1. That the Agreement was violated when a wrecker from the I. C. Railroad was used to clear a derailment on the L&N Railroad at Paducah, Kentucky on April 13, 1963.
2. Accordingly, the L&N Railroad should be ordered to additionally compensate all members of its Bruceton, Tennessee wrecking crew, namely, E. L. Wilson, J. T. Bayless, W. M. Collins, R. E. Holiday, B. J. Carver, Fisher Teague and C. M. Reeves, for 10 hours, each, at the applicable rates of pay, the time required to clear the derailment, plus the necessary travel time.
STATEMENT OF FACTS: The Louisville and Nashville Railroad Company, hereinafter referred to as the carrier, maintains a wrecking outfit at Bruceton, Tennessee which was manned at the time of the subject derailment by a regular assigned crew composed of the following carmen, hereinafter called the claimants:
At approximately 9:45 P.M., on Thursday, April 11, 1963, an L&N Switch Engine derailed the following cars in the L&N Yard, at Paducah, Kentucky: I.C. 23700, SAL 7590 and CB&Q 41886. The General Foreman from Bruceton which is 86 miles from Paducah, and the nearest point on the L&N where a wrecker is stationed, inspected the derailment and decided that a wrecker would be needed to rerail the cars. As a result of this decision, and inasmuch as the mainline was not blocked and no emergency existed, Wrecker Foreman E. L.
In Second Division Award No. 4400, covering case where claimants contended carrier should have called upon its own nearest wrecker, 85 miles away, instead of using foreign equipment, this Board held that:
As set forth in carrier's point No. 2, it has not contracted away its right to have work of the nature involved in this dispute performed in the most efficient and economical manner, and it has been recognized in many instances by your board that a carrier retains those rights which have not been waived or limited by agreement.
CONCLUSION: Carrier has shown that there is no basis for the claim and respectfully requests that the claim be denied in its entirety.
FINDINGS: The Second Division of the Adjustment Board, upon the whole record and all the evidence, finds that:
The carrier or carriers and the employe or employes involved in this dispute are respectively carrier and employe within the meaning of the Railway Labor Act as approved June 21, 1934.
This Division of the Adjustment Board has jurisdiction over the dispute involved herein.
The derailment occurred in the yard at Paducah at 9:45, Thursday evening. An Illinois Central wrecker stationed there was used on Saturday morning from 8:00 o'clock until noon to rerail the cars, instead of calling the nearest L & N wrecker, which was stationed at Bruceton, 86 miles away.
The Carrier contends that it has been the practice, without objection by the Organization, to interchange wrecker service with other carriers, and that it would be unreasonable to require a 170 mile round trip for the Bruceton outfit and crew. Without stating the circumstances it cites fifteen incidents between 1957 and 1963 in which wreckers and crews were borrowed from other carriers, and one incident in 1963 when an L & N outfit was loaned to the Pennsylvania Railroad, the crew in each case accompanying the outfit.

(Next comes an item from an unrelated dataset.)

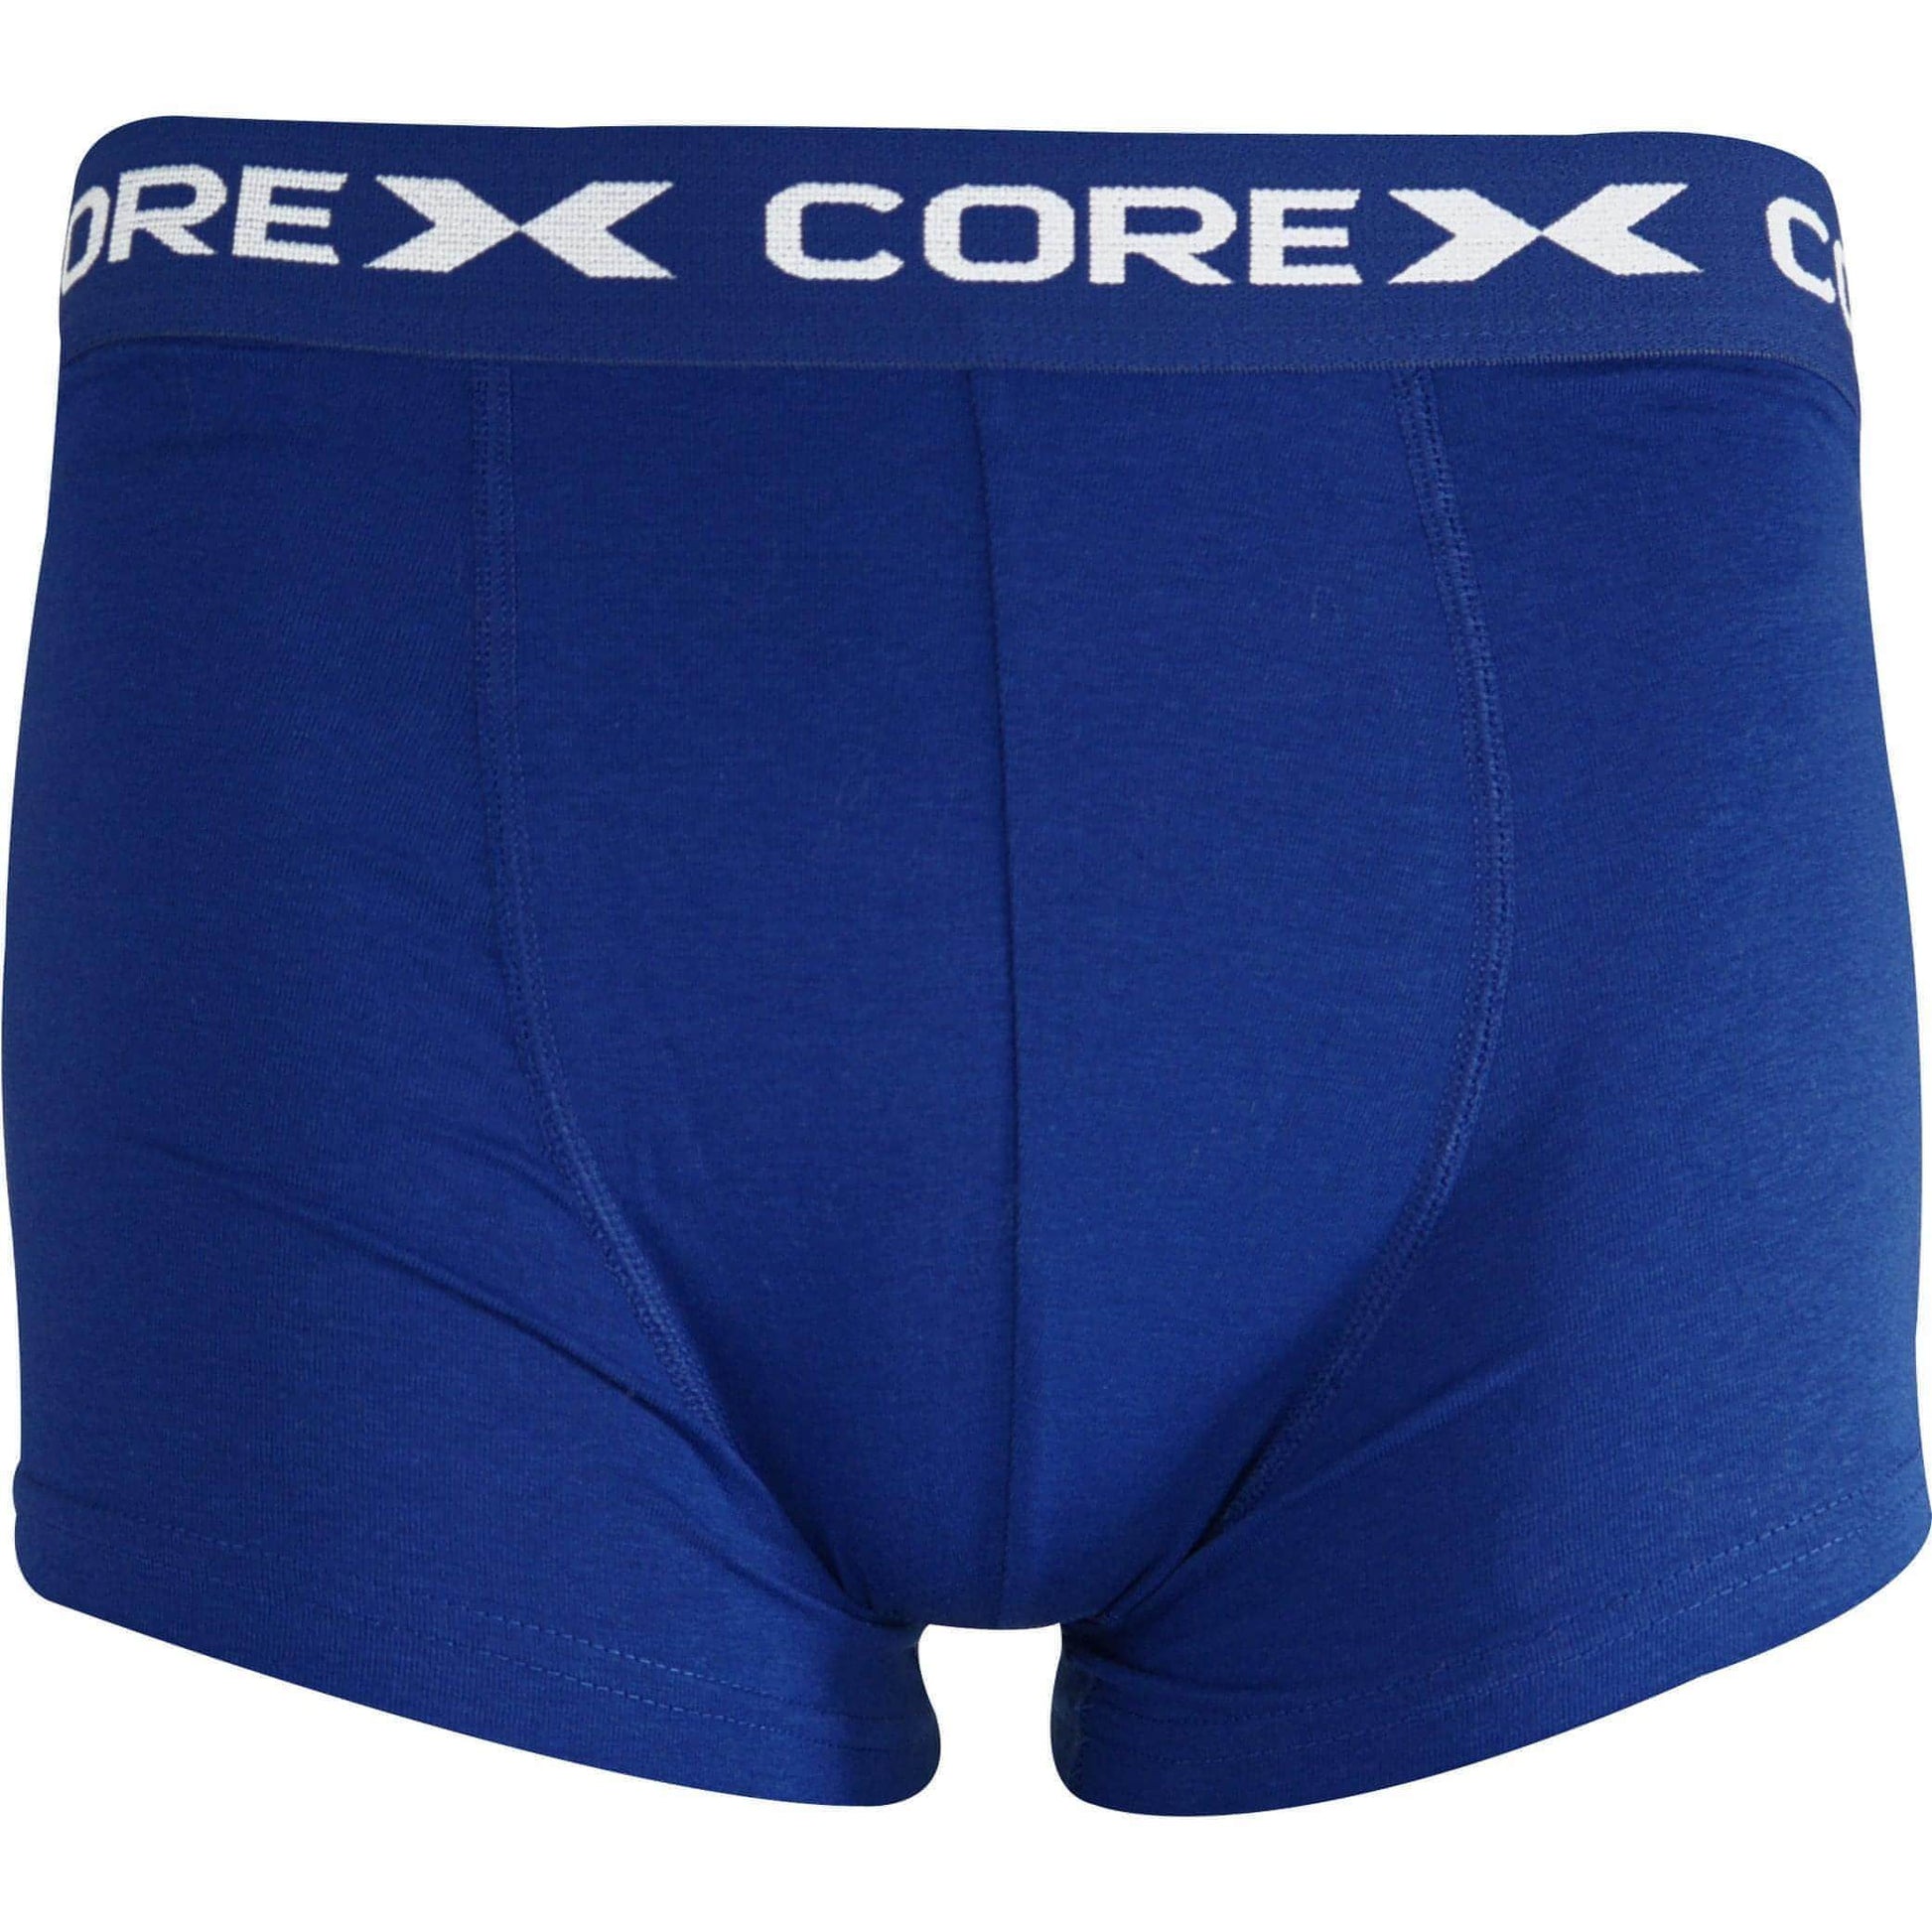 Corex Fitness Classic Pack Boxers 1P204931Wm Royalgrey Royal Front - Front View

The Organization replies that the Bruceton outfit has been sent on the 170 miles round-trip to Paducah on numerous occasions, that the borrowing of outfits from other carriers is justified only in emergencies, and cites two instances in 1947 and 1959 when claims were made and allowed because Southern Railroad outfits were used instead of L & N crews and wreckers.
This record of incidents between 1957 and 1963 is insufficient to show an established practice on this property to interchange wrecking outfits with other carriers when no emergencies are presented, as here, where 34 hours were allowed to pass before commencing to re-rail the cars.
Denial Awards 1124 and 1176 relate to similar claims on behalf of this same wrecking crew while it was maintained by the Nashville, Chattanooga and St. Louis Railway before the consolidation of that line with this Carrier. In Award 1124 this Division found that an emergency existed, and in Award 1176, it found a sufficient showing of past practice, neither of which is true in this case; therefore, neither Award is persuasive. In Awards 1065 and 1068, this Division denied similar claims because emergencies existed.
This Division has long held that the measure of compensation for work lost is pay at pro-rata rate for actual time worked, without reference to traveling and waiting time. See Awards 1362 and 1702.
This work was done by the Illinois Central outfit between 8:00 A.M. and noon on Saturday. Four of the Claimants worked and were paid for those hours; but it was a rest day for Claimants Wilson, Collins and Reeves. Those three Claimants are therefore entitled to four hours pay at pro-rata rate. Dated at Chicago, Illinois, this 11th day of March, 1966.
Claim 2 sustained as to Claimants Wilson, Collins and Reeves to the extent indicated in the Findings.